**Source material:**
******
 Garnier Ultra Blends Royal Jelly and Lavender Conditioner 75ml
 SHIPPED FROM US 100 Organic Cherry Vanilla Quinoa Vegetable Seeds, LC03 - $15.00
******
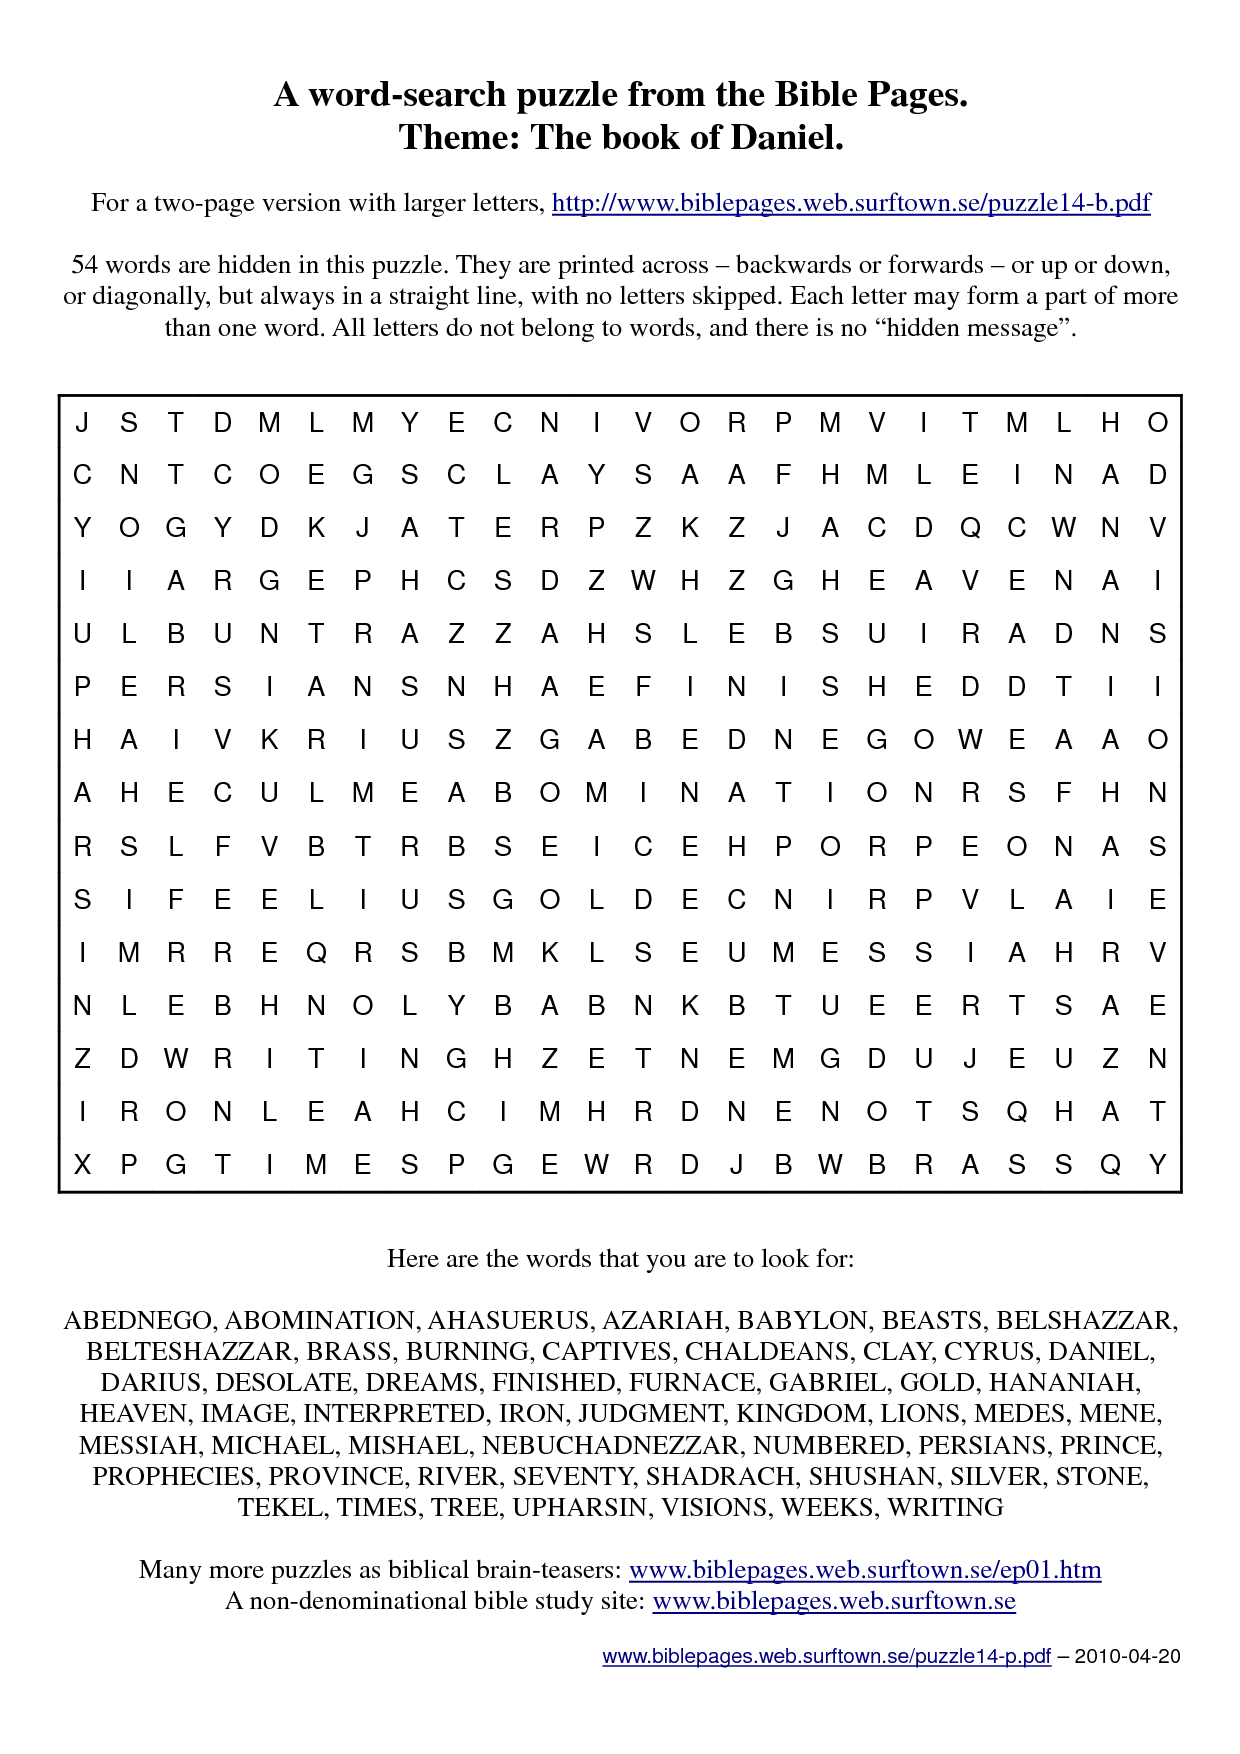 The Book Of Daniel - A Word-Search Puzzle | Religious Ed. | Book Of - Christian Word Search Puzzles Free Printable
******
**Problem statement:** Reproduce exactly the lines of the records above from the one with "Garnier Ultra Blends" to the one with "SHIPPED FROM US", both included, and leave out everything else.

**Result of the task:**
 Garnier Ultra Blends Royal Jelly and Lavender Conditioner 75ml
 SHIPPED FROM US 100 Organic Cherry Vanilla Quinoa Vegetable Seeds, LC03 - $15.00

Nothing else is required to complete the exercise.